Abstract

Scaled Subprofile Model of Principal Component Analysis (SSM-PCA) is a multivariate statistical method and has been widely used in Positron Emission Tomography (PET). Recently, SSM-PCA has been applied to discriminate patients with Parkinson's disease and healthy controls with Amplitude of Low Frequency Fluctuation (ALFF) from Resting-State Functional Magnetic Resonance Imaging (RS-fMRI). As RS-fMRI scans are more readily available than PET scans, it is important to investigate the intra- and inter-scanner reliability of SSM-PCA in RS-fMRI. A RS-fMRI dataset with Eyes Open (EO) and Eyes Closed (EC) conditions was obtained in 21 healthy subjects (21.8 ± 1.8 years old, 11 females) on 3 visits (V1, V2, and V3), with V1 and V2 (mean interval of 14 days apart) on one scanner and V3 (about 8 months from V2) on a different scanner.

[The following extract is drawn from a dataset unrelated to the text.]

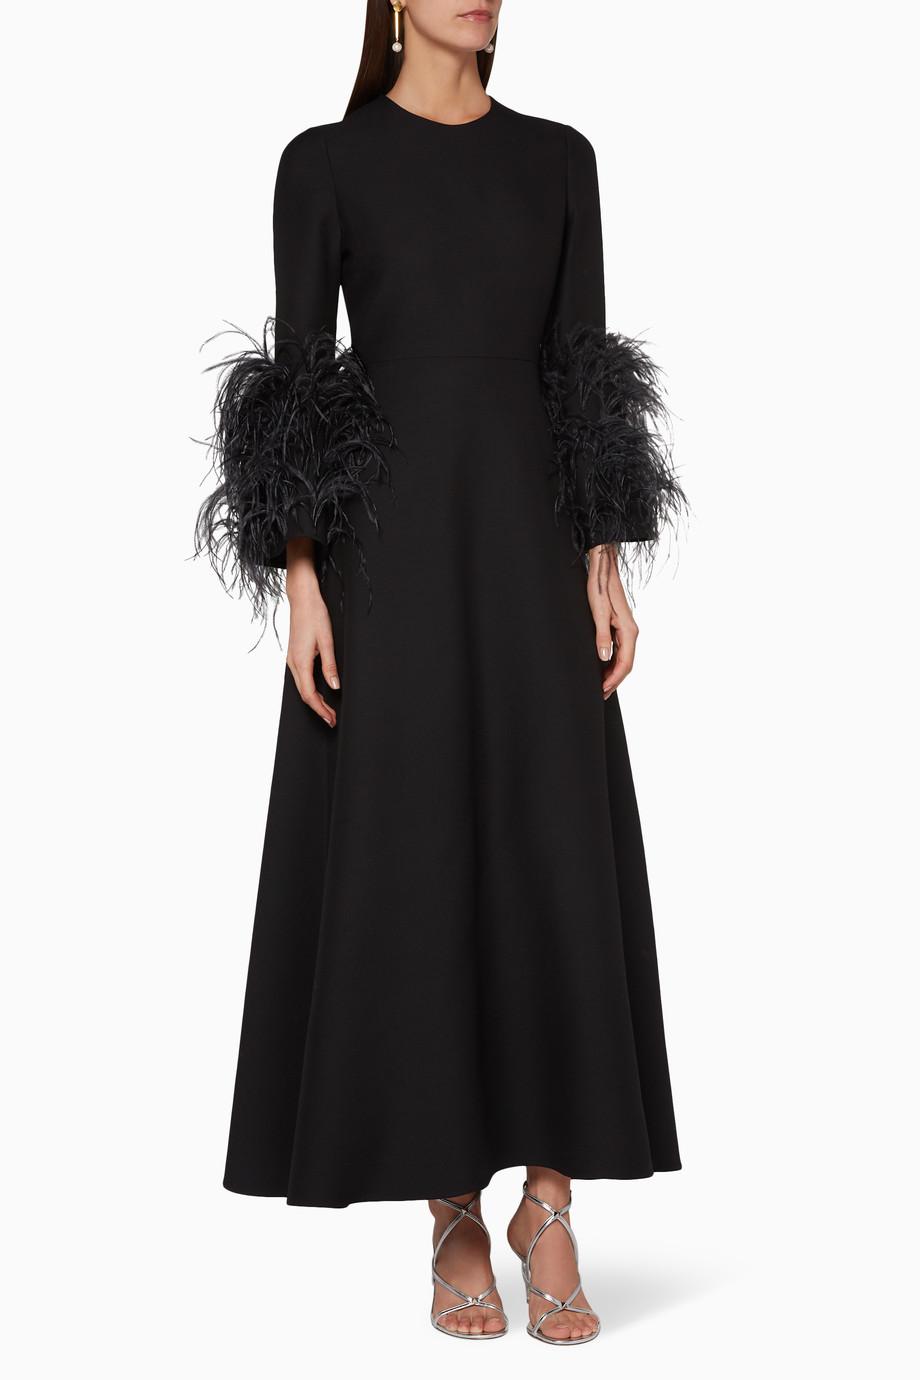 19bfd52d8 تسوق فستان طويل بأكمام مزينة بالريش Valentino أسود للنساء | اُناس ...

To simulate between-group analysis in conventional SSM-PCA studies, 21 subjects were randomly divided into two groups, i.e., EC-EO group (EC ALFF map minus EO ALFF map, n = 11) and EO-EC group (n = 10). A series of covariance patterns and their expressions were derived for each visit. Only the expression of the first pattern showed significant differences between the two groups for all the visits (p = 0.012, 0.0044, and 0.00062 for V1, V2, and V3, respectively). This pattern, referred to as EOEC-pattern, mainly involved the sensorimotor cortex, superior temporal gyrus, frontal pole, and visual cortex. EOEC-pattern's expression showed fair intra-scanner reliability (ICC = 0.49) and good inter-scanner reliability (ICC = 0.65 for V1 vs. V2 and ICC = 0.66 for V2 vs. V3). While the EOEC-pattern was similar with the pattern of conventional unpaired T-test map, the two patterns also showed method-specific regions, indicating that SSM-PCA and conventional T-test are complementary for neuroimaging studies.

Highlights

  • Identification of reproducible and region-specific effects that characterize normal or diseased brain state is one of the most important goals of brain functional imaging studies

  • For Scaled Subprofile Model of Principal Component Analysis (SSM-PCA), we found that only one study measured the test-retest reliability with Positron Emission Tomography (PET) images from two groups of subjects (Ma et al, 2007)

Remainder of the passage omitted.